I do not recommend this book. The history of cases is hand-picked and biased, and the lack of hard science, which is purportedly her area of expertise, makes it little more than an opinion piece. However, after having read it, I was able to glean the following points:

  • Human memory is faulty. This is obvious to any casual observer, but has been repeatedly validated in study after study in carefully controlled conditions. The question is not whether human memory makes mistakes, but how serious those mistakes can be.
  • To date, I have not seen one single case of a repressed memory that has been corroborated as such. Repressed memory is, by its nature, unprovable, as is the more modern term of “dissociative” memory. In order to prove it you would have to:
    1. Create a traumatic event under controlled conditions and inflict it on a number of children
    2. Document that trauma
    3. Allow the children to grow up, having ample time to forget or repress the memory of that trauma, and assess the level of forgetfulness.
    4. Recover that memory under therapeutic conditions
    5. Compare the recovered memory to the documented event.
  • Repressed memory could, in theory, be demonstrated by corroborating a recovered memory with outside evidence.
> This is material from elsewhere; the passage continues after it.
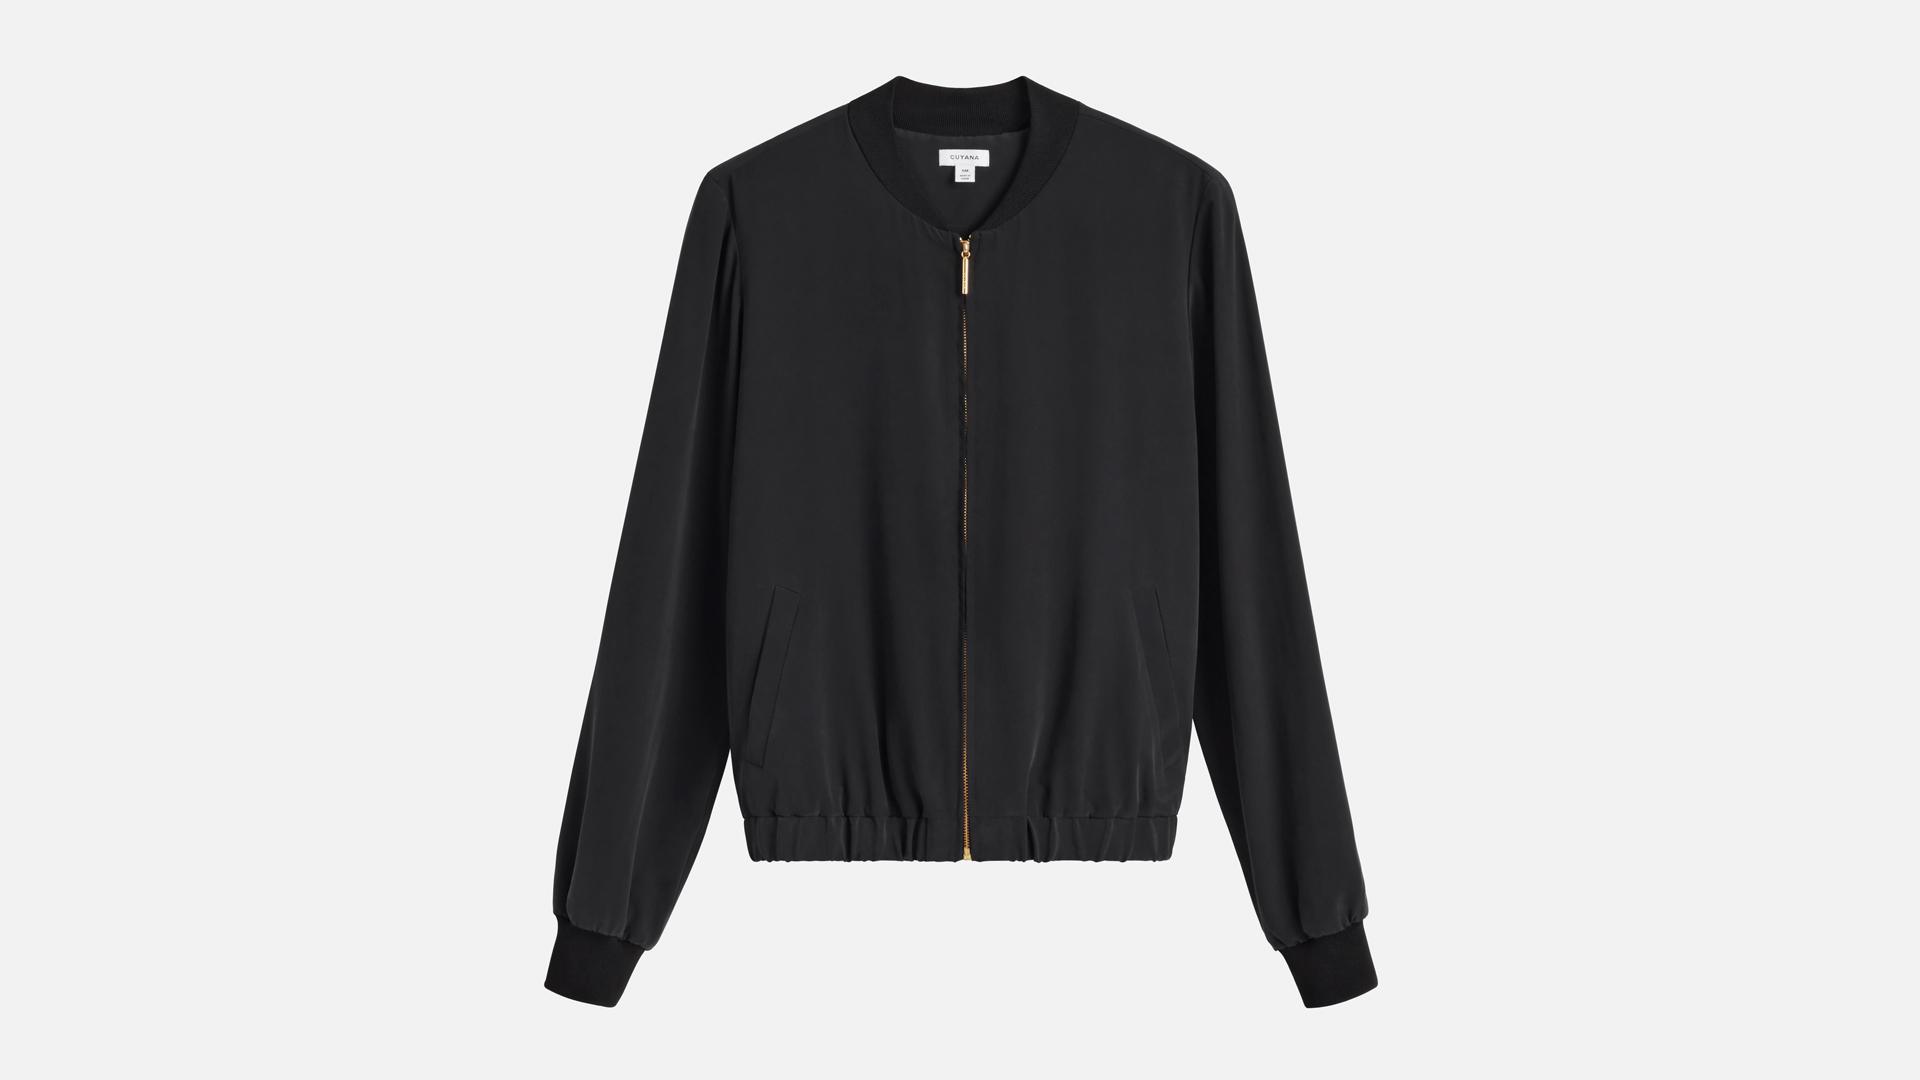 Cuyana Silk Bomber Jacket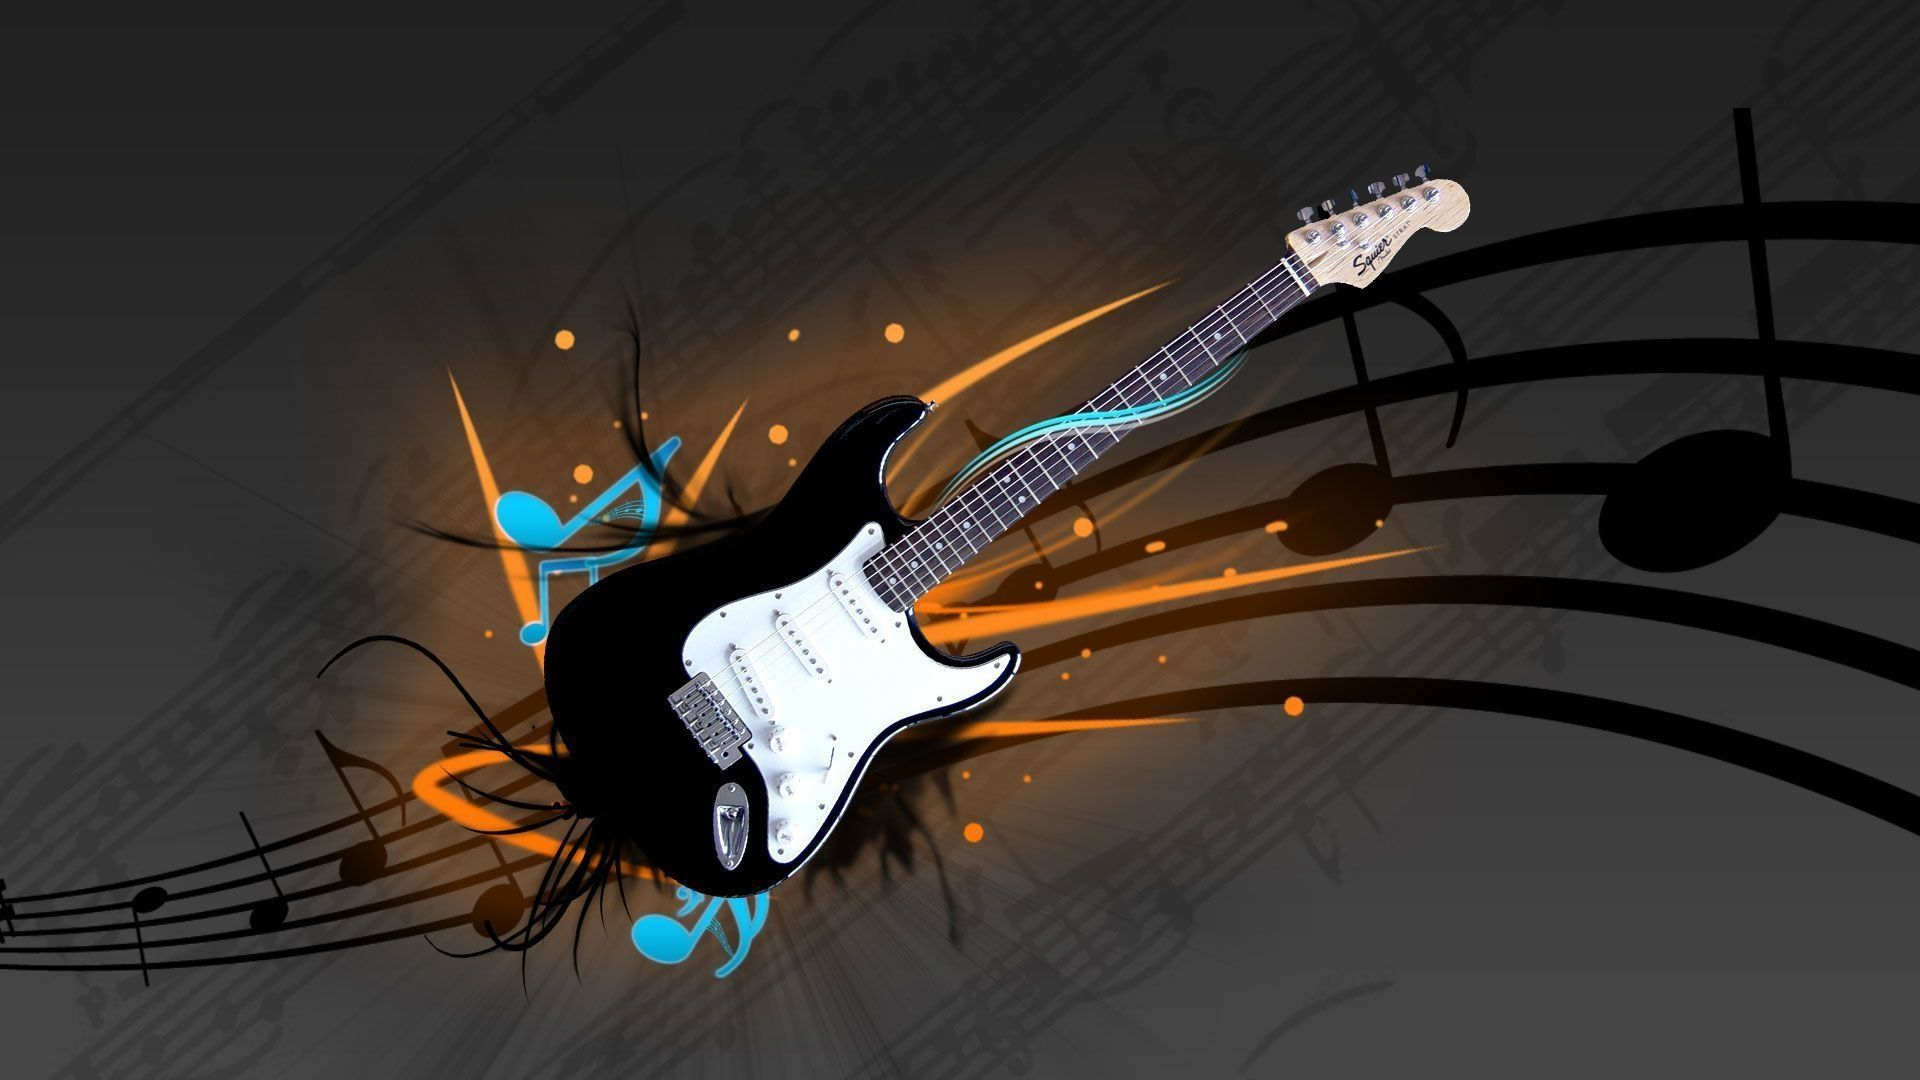 Guitar Abstract, Wallpaper Image

To my knowledge, this has never occurred, and Dr. Loftus certainly gives the impression that it has never occurred. I have not conducted an exhaustive review of the literature, so I am willing to be convinced.
  • It seems obvious that no one should ever be convicted of a serious crime such as child sexual abuse based solely on human memory.

In conclusion, I do not recommend this book, despite the fact that it does contain some good information (i.e. the points listed above) and there is a need for a better summary of the current state of memory research.